**Your instructions:** Your task is to copy the listing exactly. Drop any pictures from the copy.

**Raw data:**
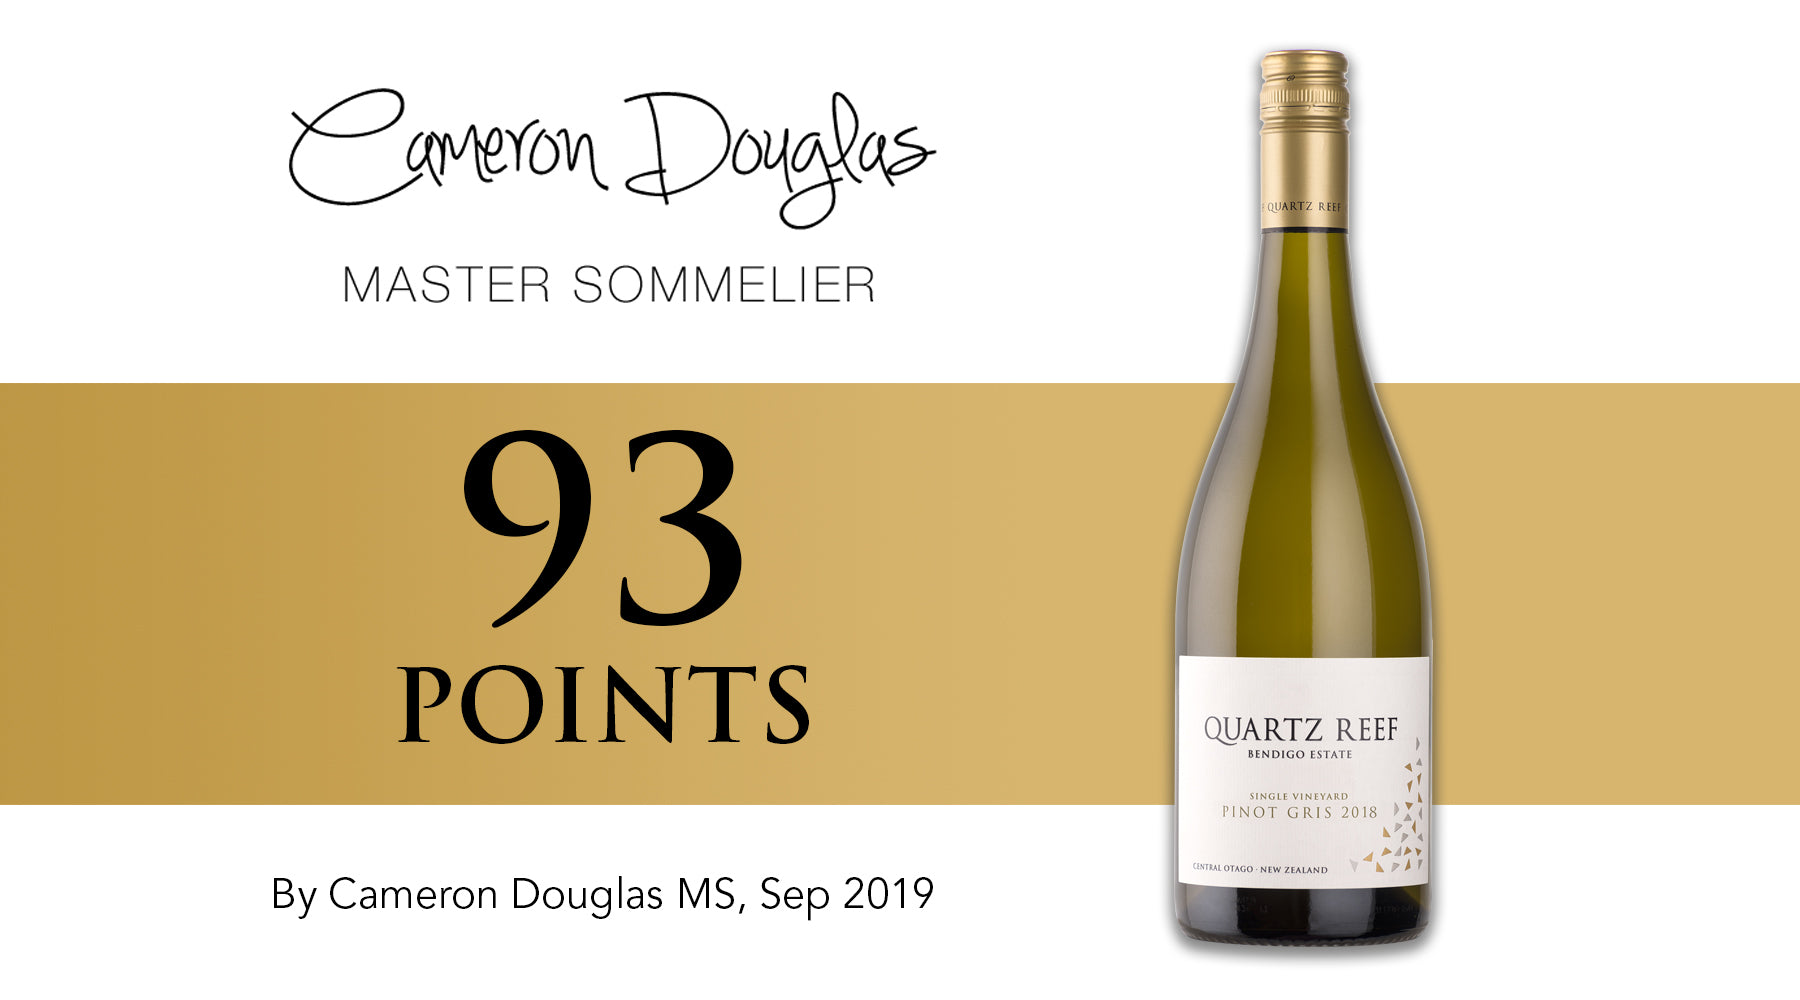 Pinot Gris 2018 - Awarded 93 Points
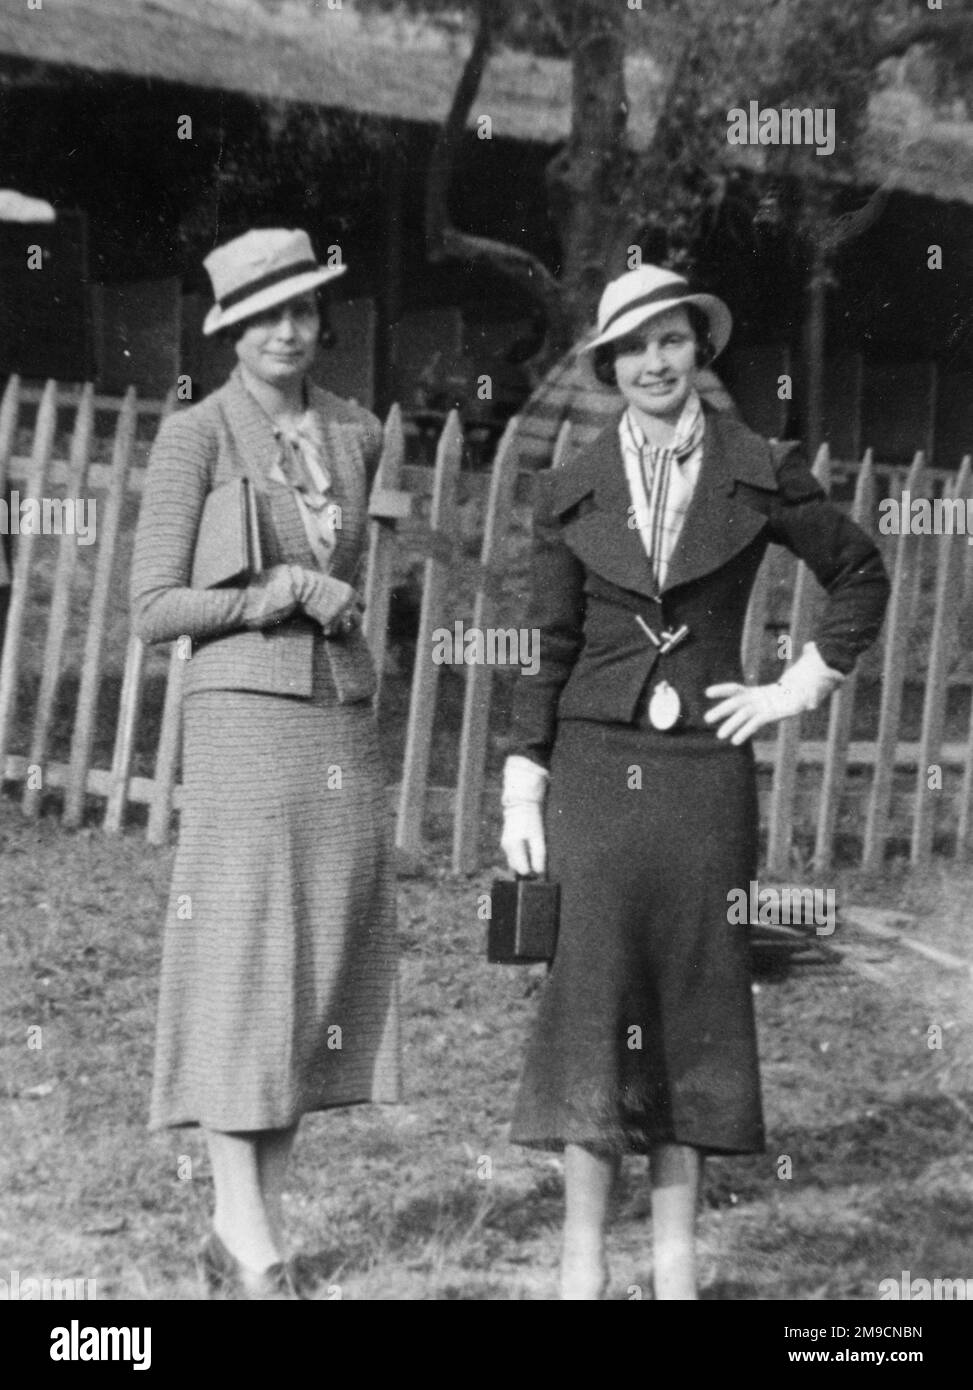 Two ladies at the races Stock Photo
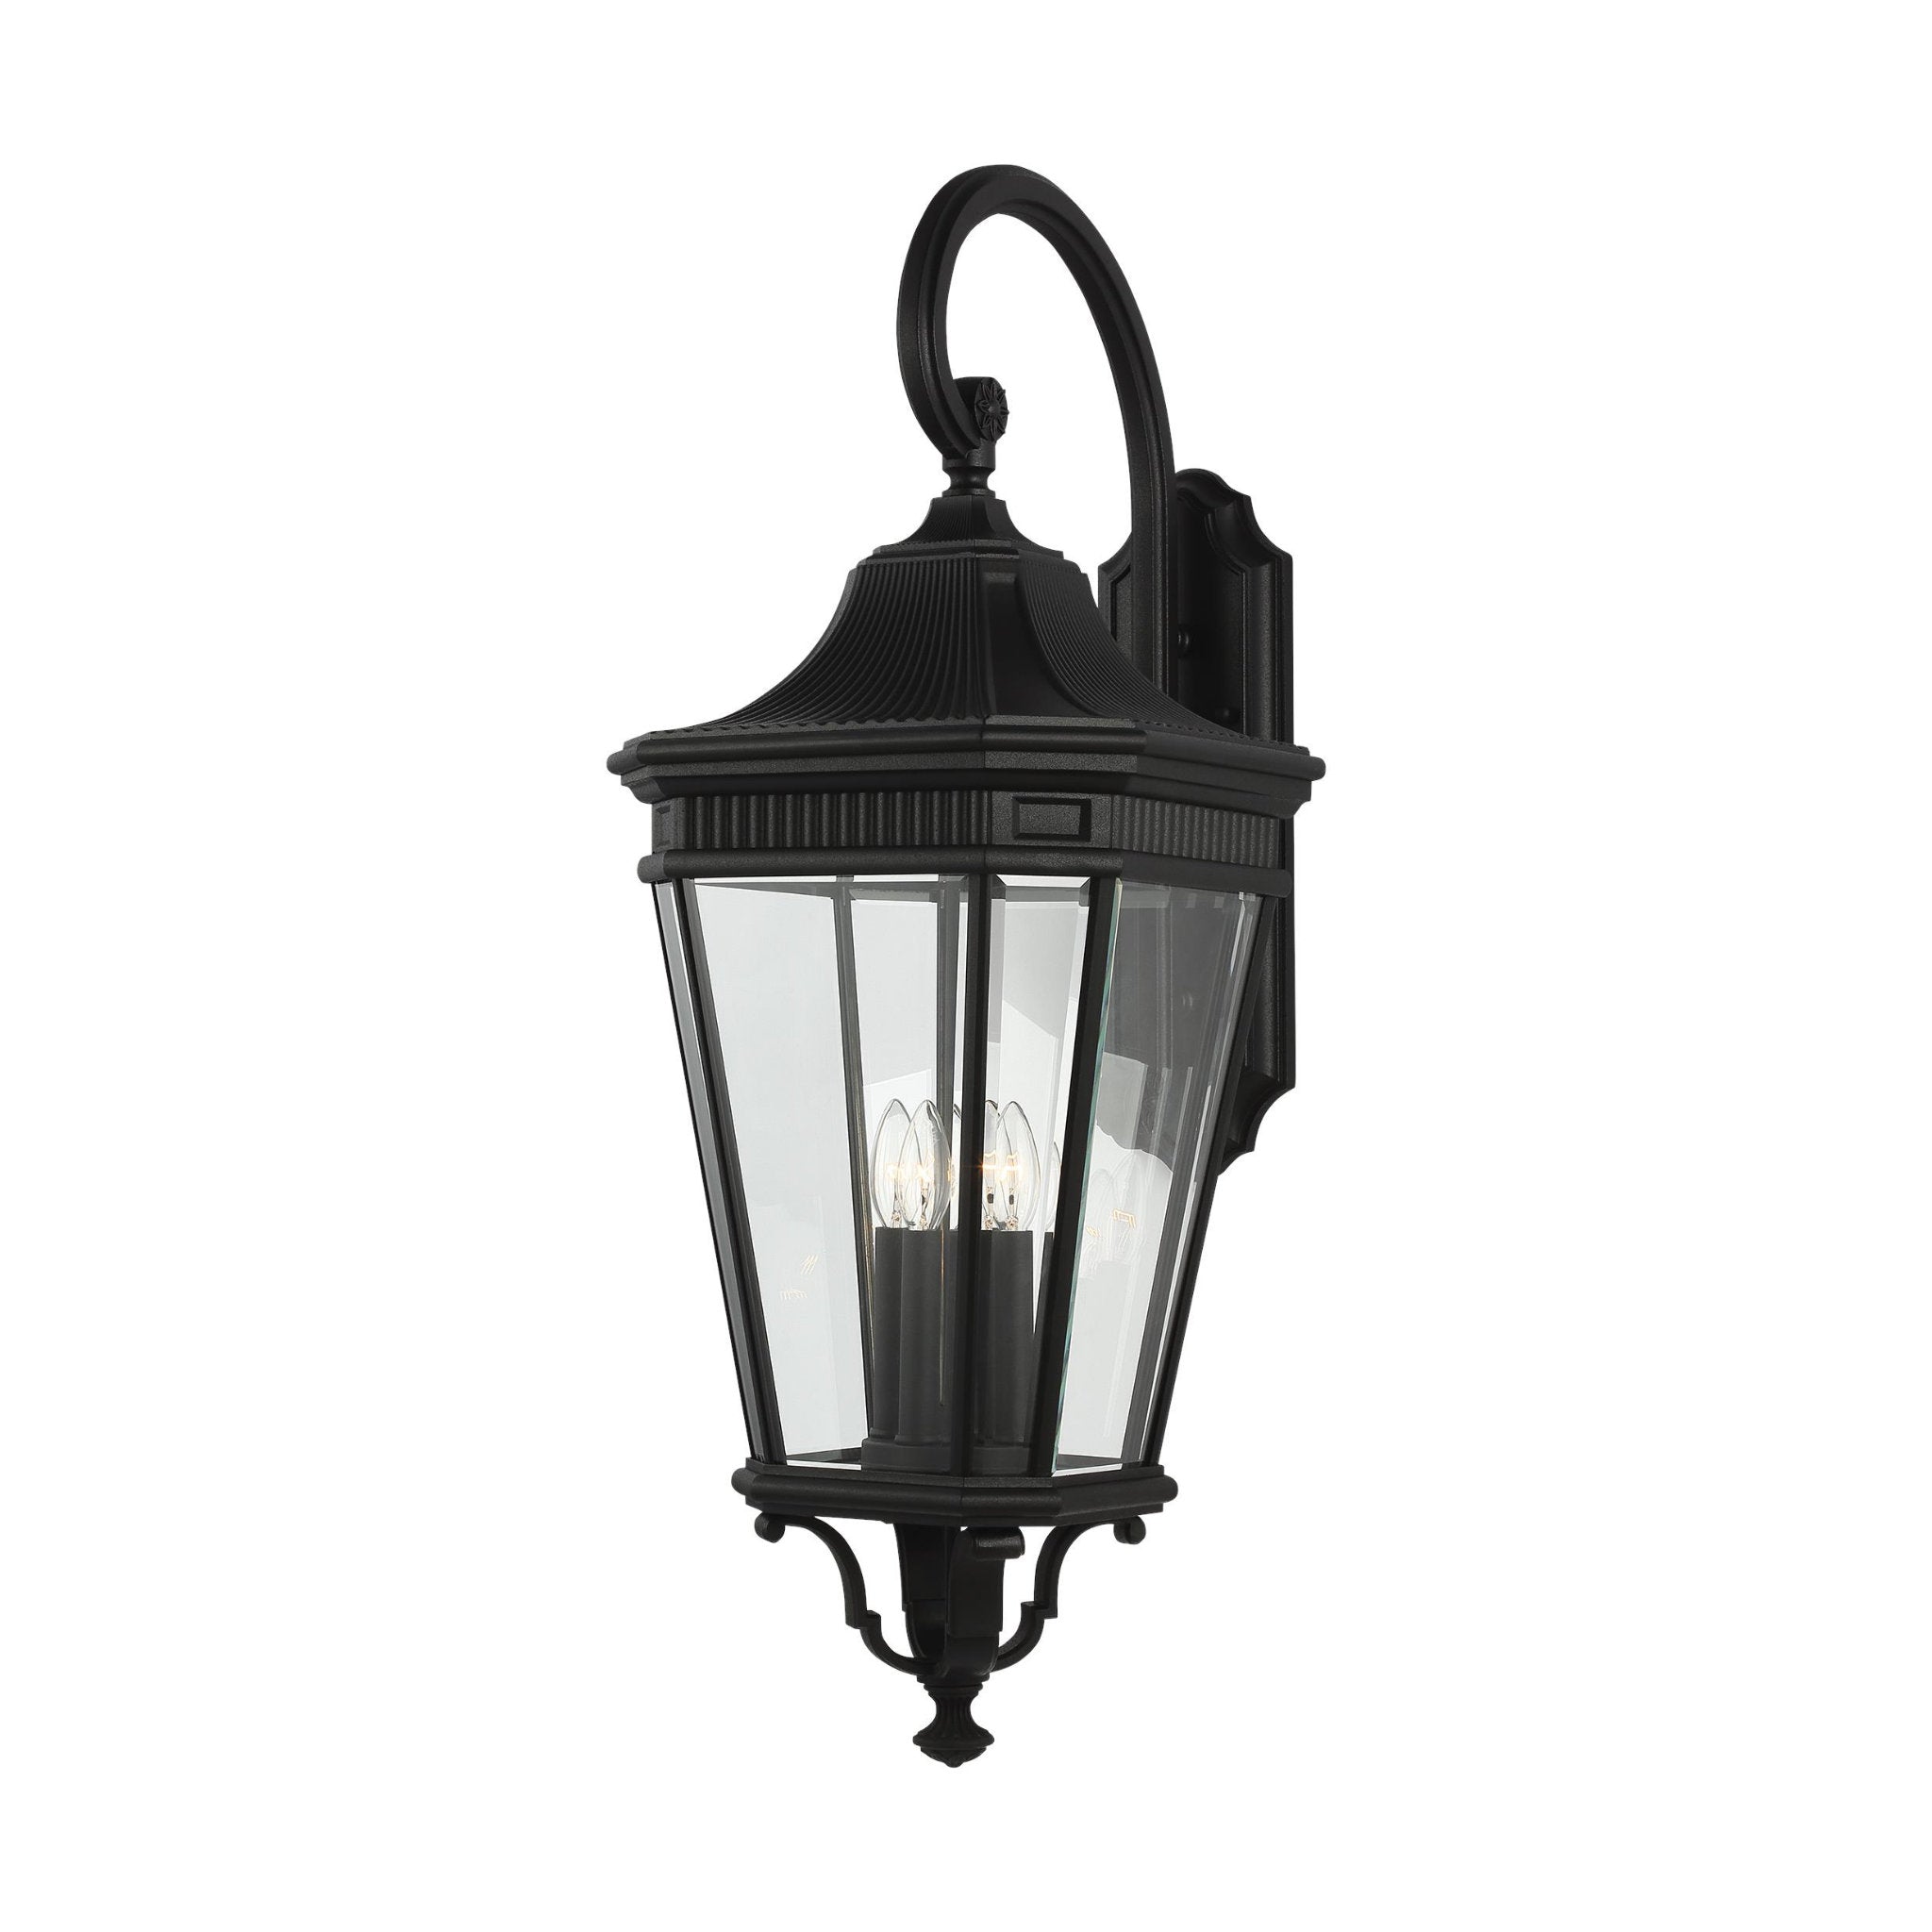 Cotswold Lane Extra Large Lantern Traditional Outdoor Fixture 13.625" Width 36.25" Height Aluminum Irregular Clear Beveled Shade in Black

**Result for this exercise:**
 Pinot Gris 2018 - Awarded 93 Points
 Two ladies at the races Stock Photo
 Cotswold Lane Extra Large Lantern Traditional Outdoor Fixture 13.625" Width 36.25" Height Aluminum Irregular Clear Beveled Shade in Black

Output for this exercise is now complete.